Our results indicate that prenylation and subsequent membrane trafficking of small GTPases is a dynamically regulated process defined by changes in the nucleotide-bound state of the GTPase and by interactions with SmgGDS splice variants. The assumption that newly synthesized small GTPases immediately enter the prenylation pathway, without any regulatory controls, is no longer tenable. This newly defined ability to regulate prenylation might provide many advantages to cells, including the ability to store nonprenylated small GTPases that could be rapidly released into the prenylation pathway when they are needed, rather than depending on energy-dependent transcription and translation.

The most striking and consistent pattern we observed is that SmgGDS-607 interacts with the nonprenylated forms of all of the small GTPases tested, whereas SmgGDS-558 is restricted to recognizing the prenylated forms of these small GTPases. The finding that SmgGDS-607 co-expression slows the prenylation of the DN forms of Rap1A, RhoA, and Rac1 indicates that SmgGDS-607 regulates the entrance of these GTPases into the prenylation pathway. It might seem perplexing that SmgGDS-607 regulates the prenylation of DN GTPases more than WT GTPases, especially because DN GTPases are not endogenously expressed in cells. However, the biological significance of this observation is explained by reports that the DN mutation prolongs the time that small GTPases remain in the nucleotide-free state or the GDP-bound state (36, 39), which are states attained by endogenous small GTPases in cells. Thus, the preferential regulation of DN GTPases by SmgGDS-607 indicates that SmgGDS-607 preferentially regulates small GTPases in the nucleotide-free or GDP-bound forms. Consistent with this interpretation, it was previously found that WT-Rac1 remains in the nucleotide-free form when it is bound to SmgGDS (40). Based on these observations, it is intriguing to speculate that SmgGDS-607 intercepts newly synthesized, nucleotide-free, or GDP-bound GTPases to regulate their entrance into the prenylation pathway.

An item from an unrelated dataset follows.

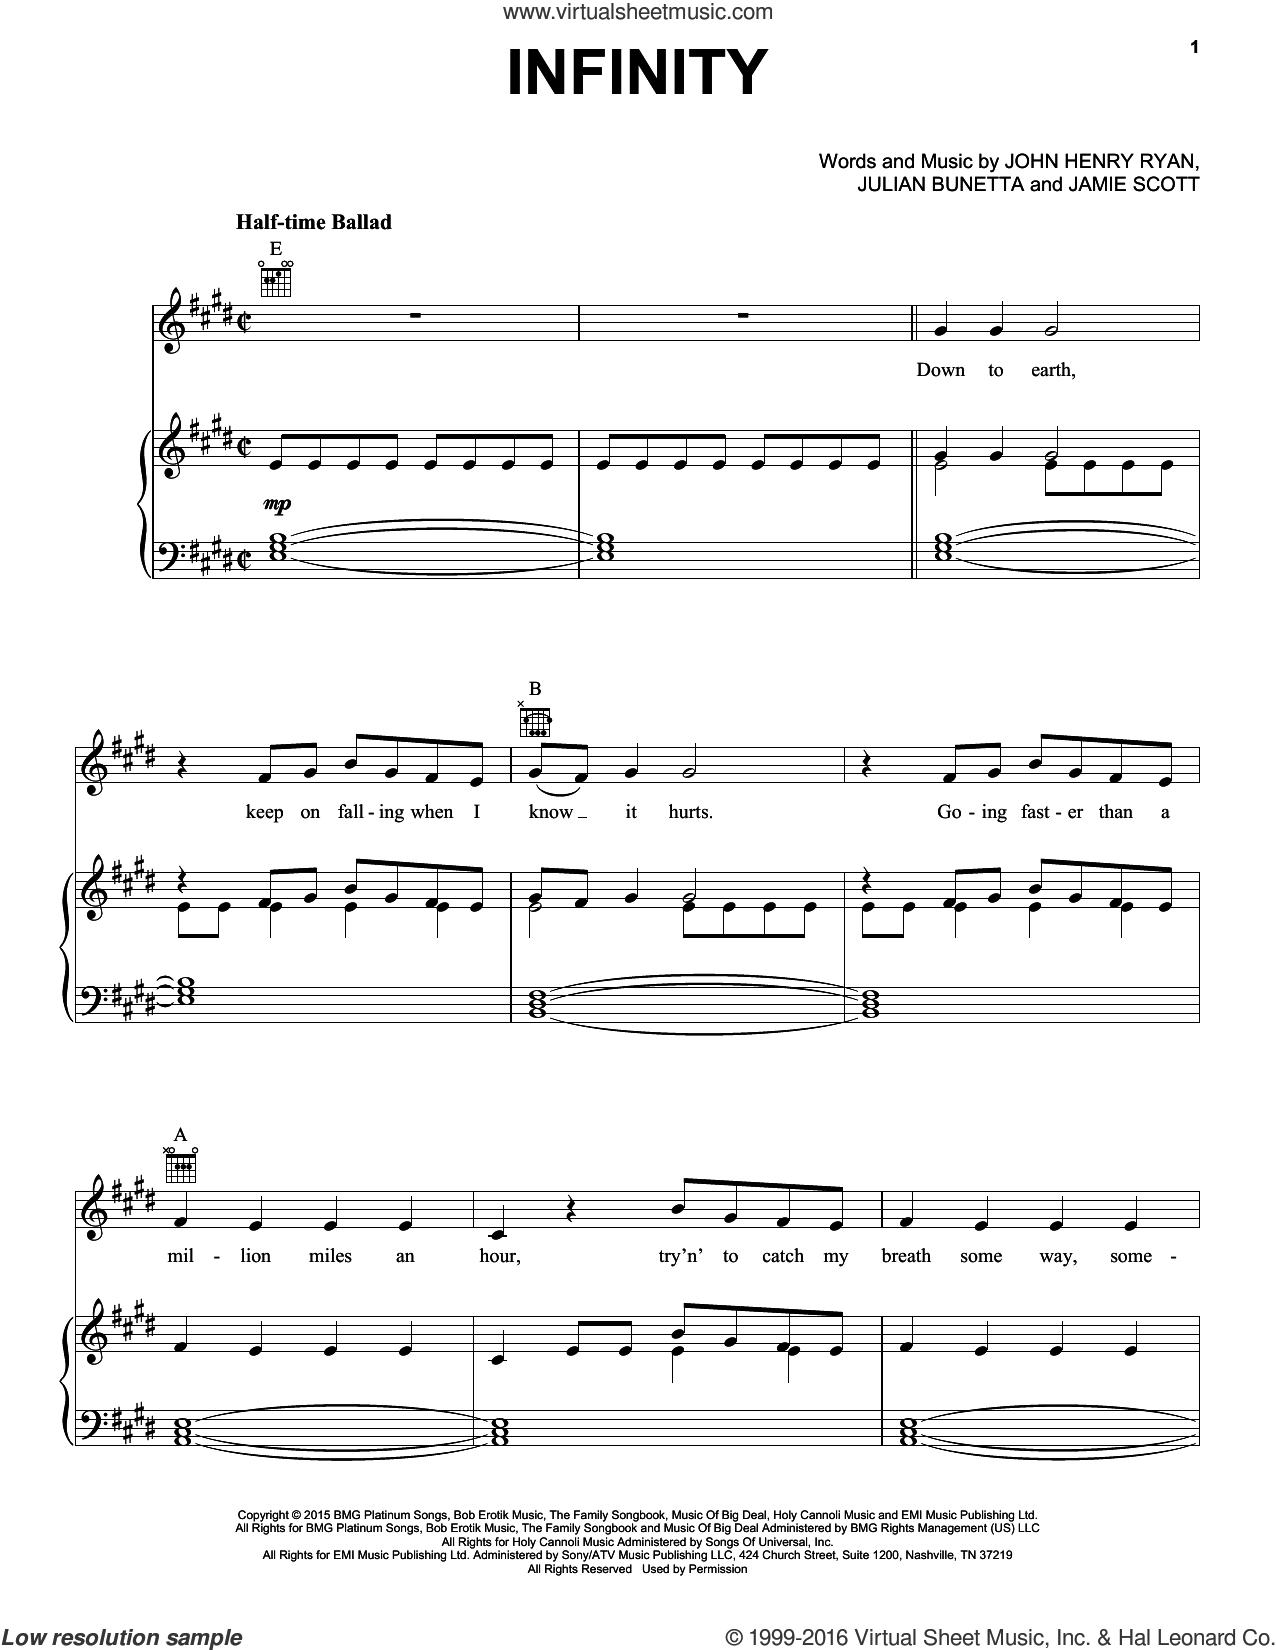 Infinity sheet music for voice, piano or guitar by One Direction, Jamie Scott, John Henry Ryan and Julian Bunetta, intermediate skill level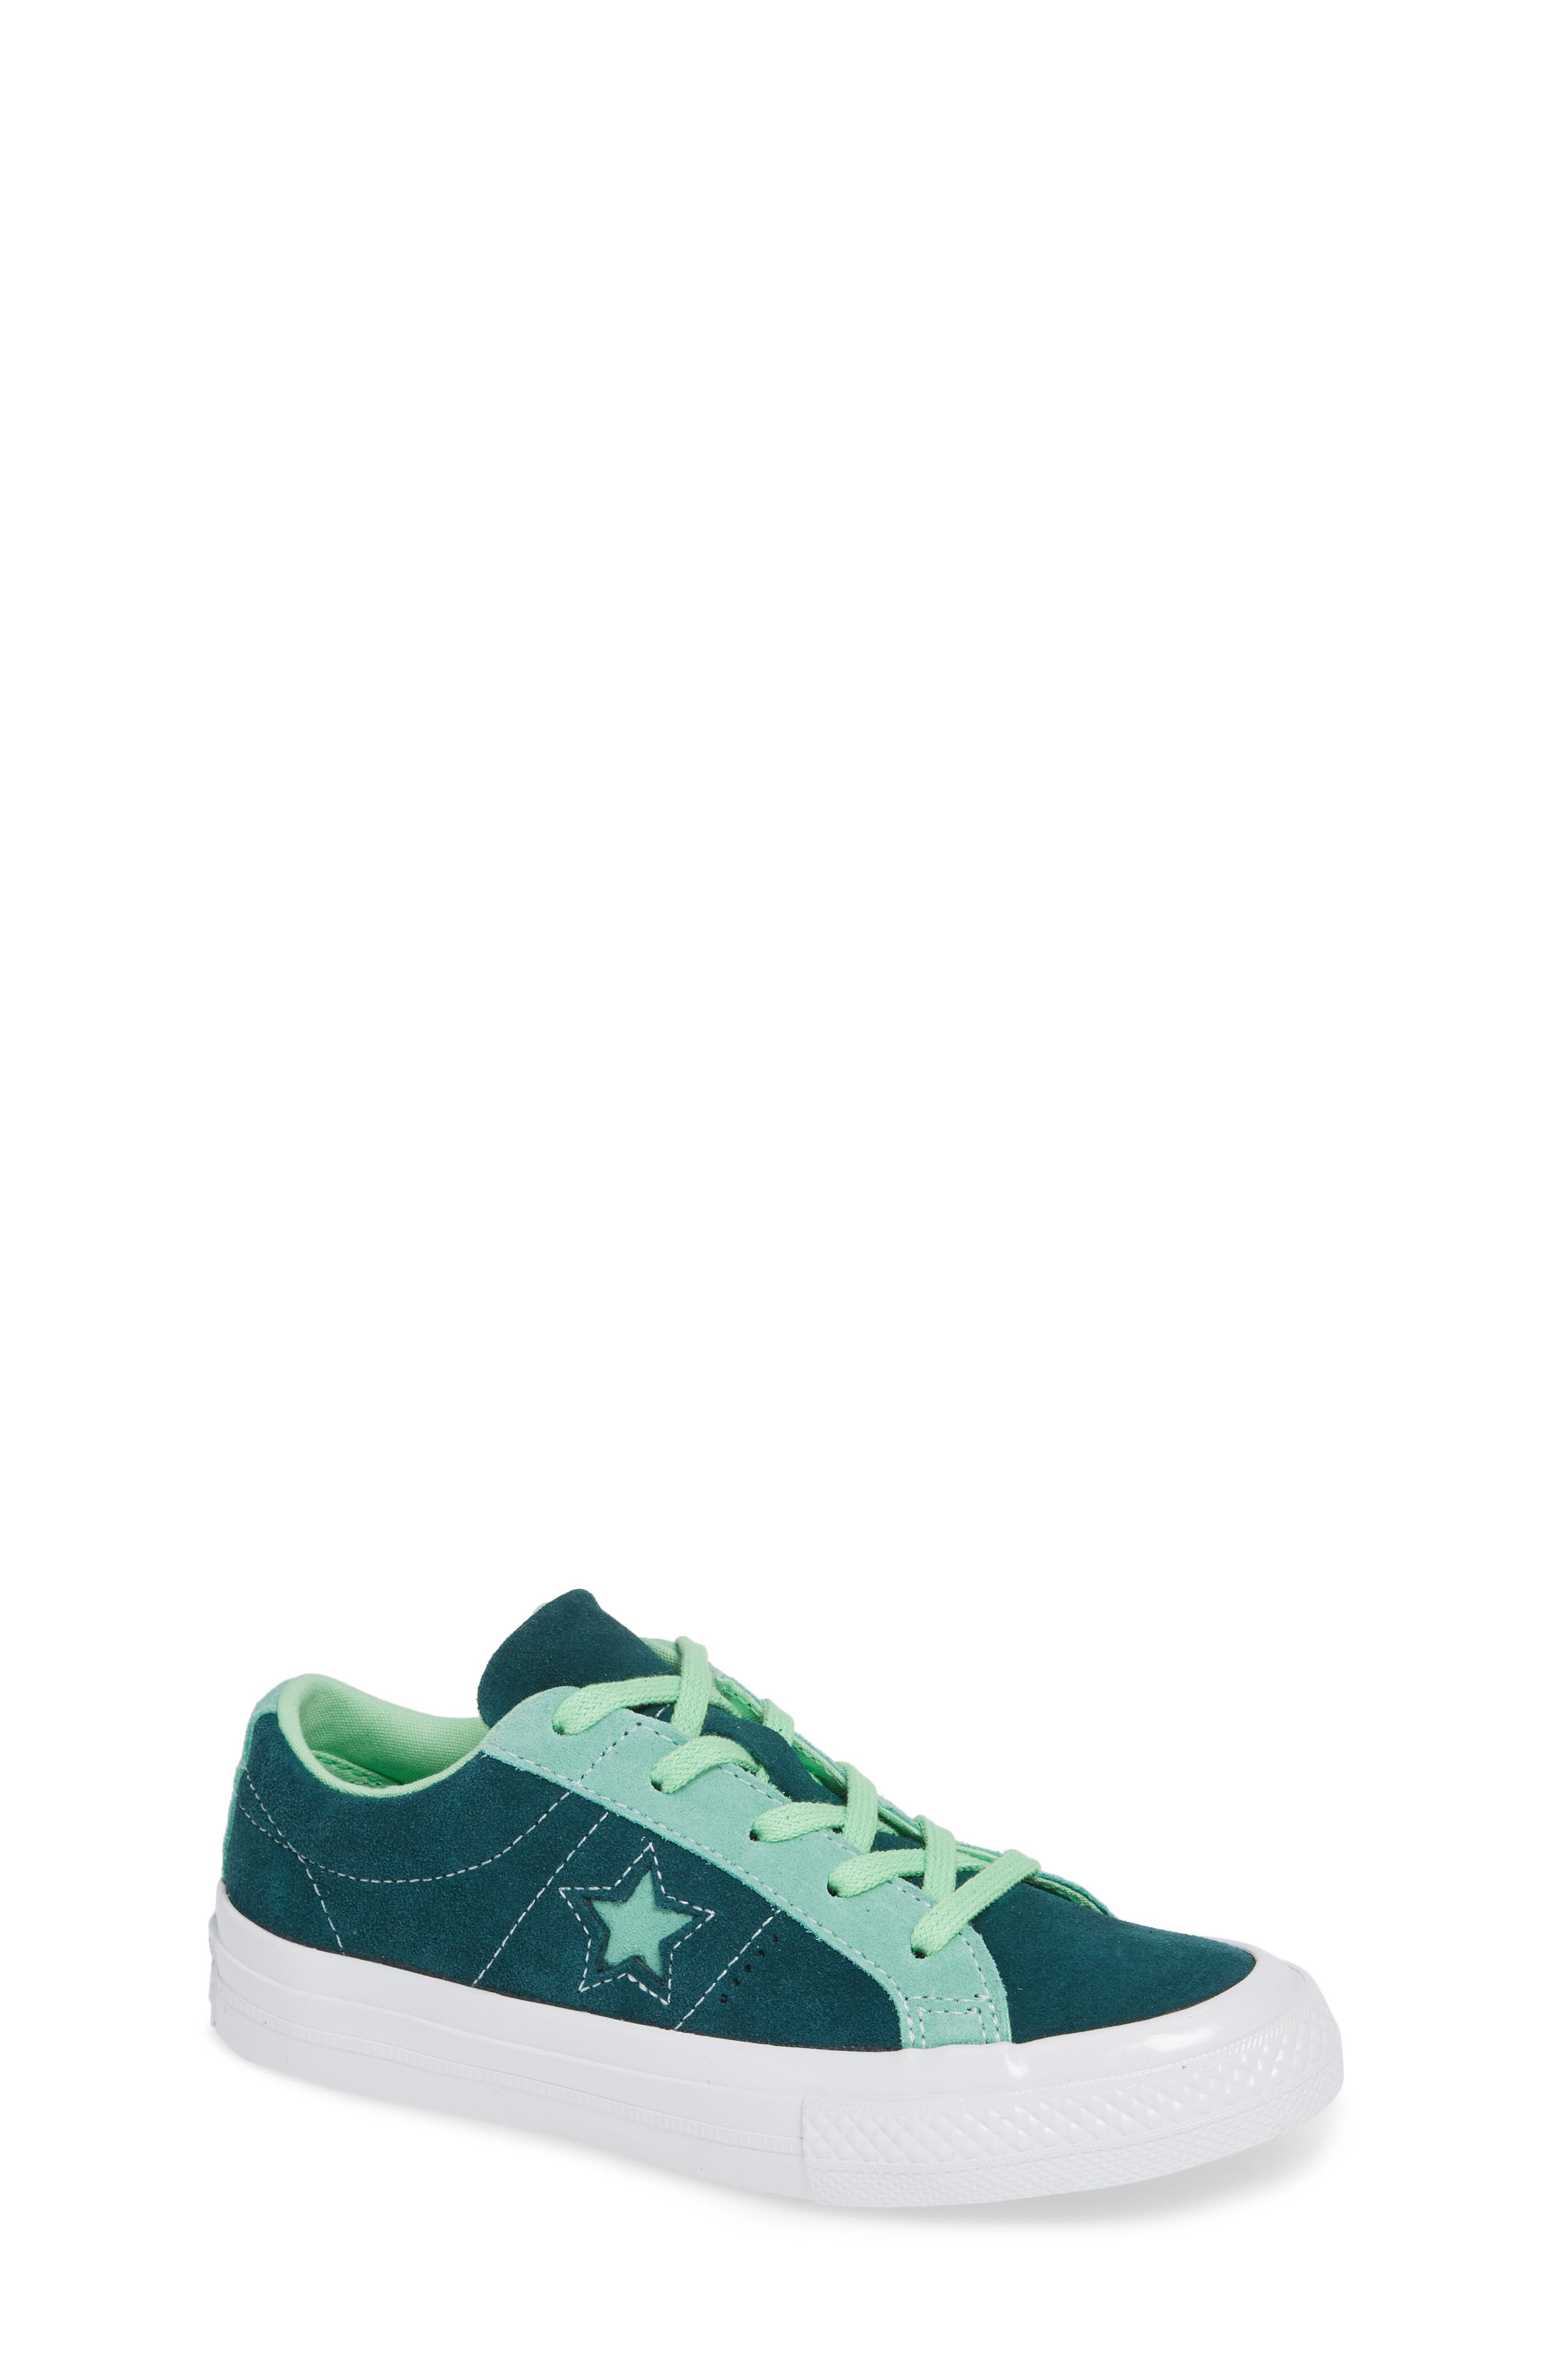 boy's converse one star carnival low top sneaker, size 3 m - green

The demonstration that insertion of the DN mutation alone alters prenylation indicates that changes in the nucleotide-bound state control the entrance of small GTPases into the prenylation pathway. We found that the DN mutation slows the prenylation of Rap1A and RhoA but enhances the prenylation of Rac1. Because it is unlikely that the actual mechanism of prenylation differs between Rap1A, RhoA, and Rac1, all of which are geranylgeranylated (20,22), these dissimilarities likely represent differences in how these GTPases enter the prenylation pathway in response to unique signals and differing interactions with SmgGDS-607 or other proteins. Interestingly, we found that neither the DN mutation nor interactions with SmgGDS-607 detectably alter the prenylation of K-Ras, which is farnesylated (23). It is possible that K-Ras is less responsive than the other GTPases because farnesylated GTPases are regulated differently than geranylgeranylated GTPases.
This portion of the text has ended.